I have a theorem to establish:
Let $G$ a group and $a\in G$ such that $a$ is an element of finite order, then $\lvert \langle a \rangle\rvert=o(a)$.
We denote $o(a)$ as the order of $a$.
So my question is...
Is it true that $G= \langle a \rangle$ if and only if $\lvert G \rvert=o(a)$?
I am getting confused if it follows by definition or it requires a formal proof.
THANKS, for the help :D
You are correct. If for some $a \in G$ we have $|G| = o(a) < \infty$, then we must have $G = \langle a \rangle$.
To see why, we can use containment and finiteness.
Can you show $\langle a \rangle \subseteq G$? This will use the fact that $G$ is closed under its multiplication, and $a \in G$. If you want to be extra formal, you might show each $a^n \in G$ by induction on $n$.

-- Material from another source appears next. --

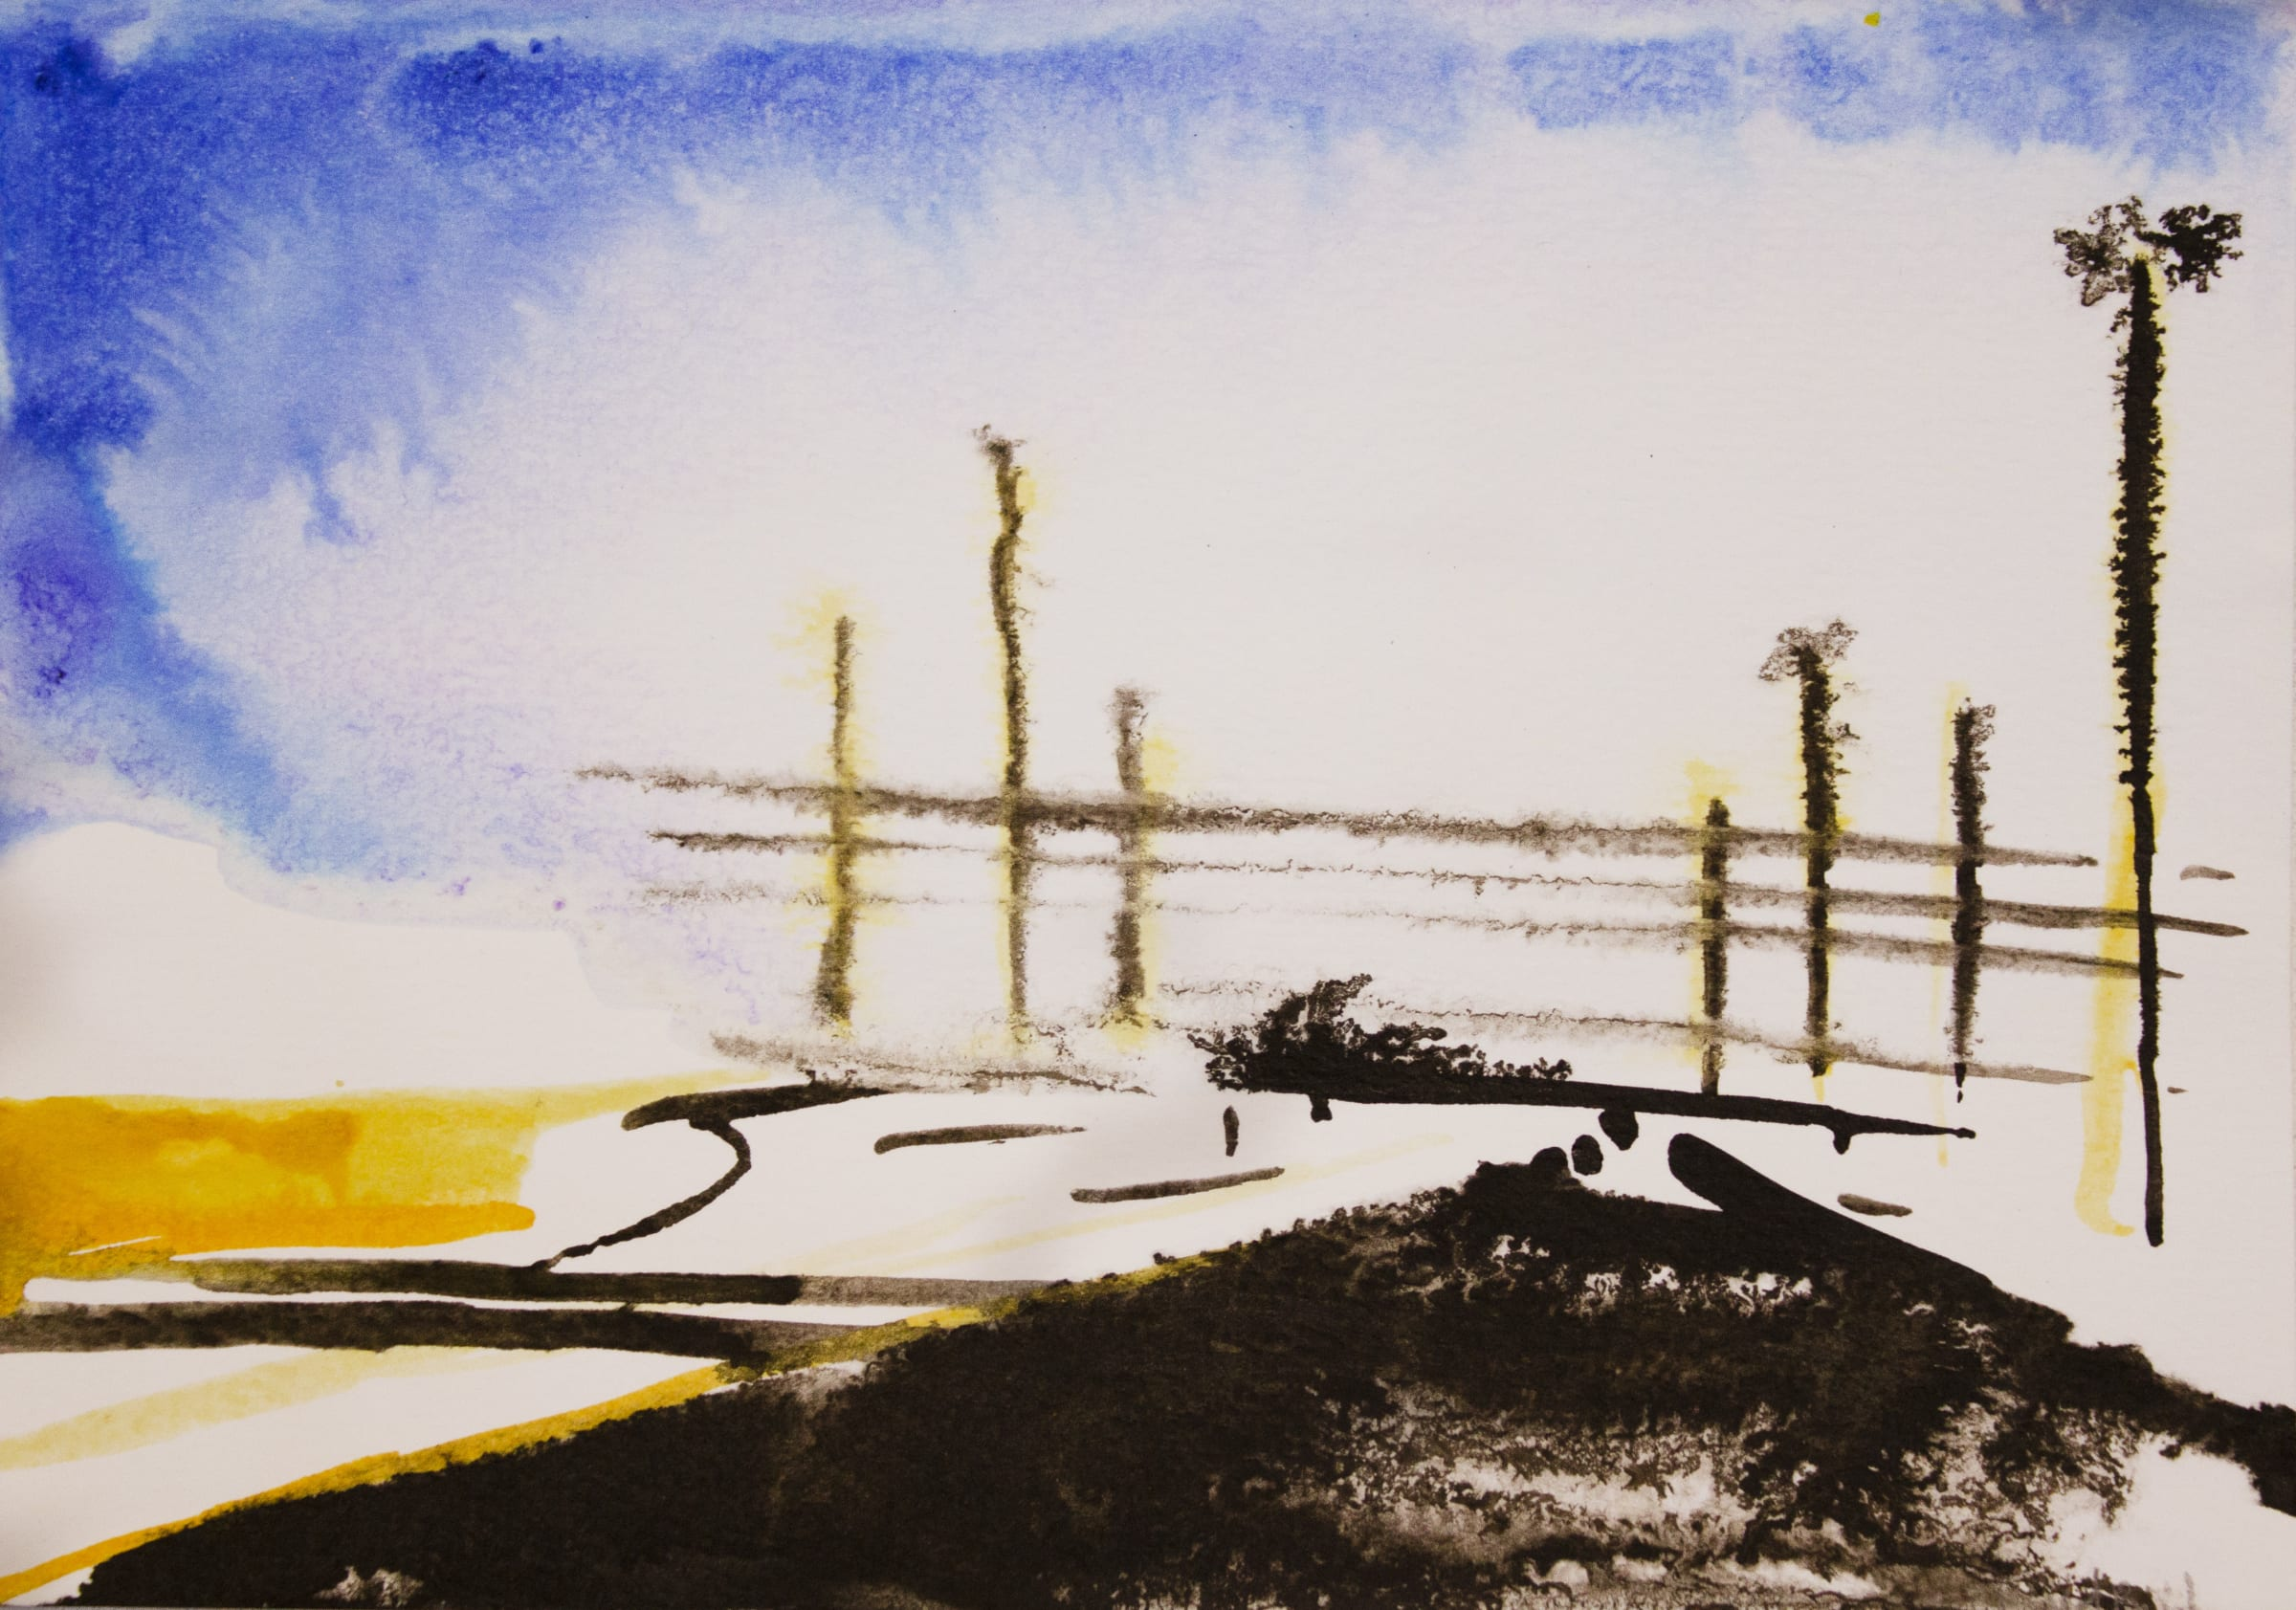 <span class=&#34;link fancybox-details-link&#34;><a href=&#34;/artists/88-louise-van-der-bijl/works/2282-louise-van-der-bijl-inktober-day-2-2018/&#34;>View Detail Page</a></span><div class=&#34;artist&#34;><strong>Louise Van Der Bijl</strong></div> <div class=&#34;title&#34;><em>Inktober Day 2</em>, 2018</div> <div class=&#34;medium&#34;>Ink On Paper</div> <div class=&#34;dimensions&#34;>14.9cm x 21.1cm</div><div class=&#34;price&#34;>R400.00</div>

Next, we use a crucial fact about finite sets. If $|X| = |Y| < \infty$ and $X \subseteq Y$, then $X = Y$. That is, when we're in the finite world, you cannot pull any hilbert's hotel type tricks. So if $X \subseteq Y$ and they are the same size, they must actually be the same.
But we showed earlier that $\langle a \rangle \subseteq G$, and we are assuming that $|G| = | \langle a \rangle | < \infty$. So $G = \langle a \rangle$.
I hope this helps! ^_^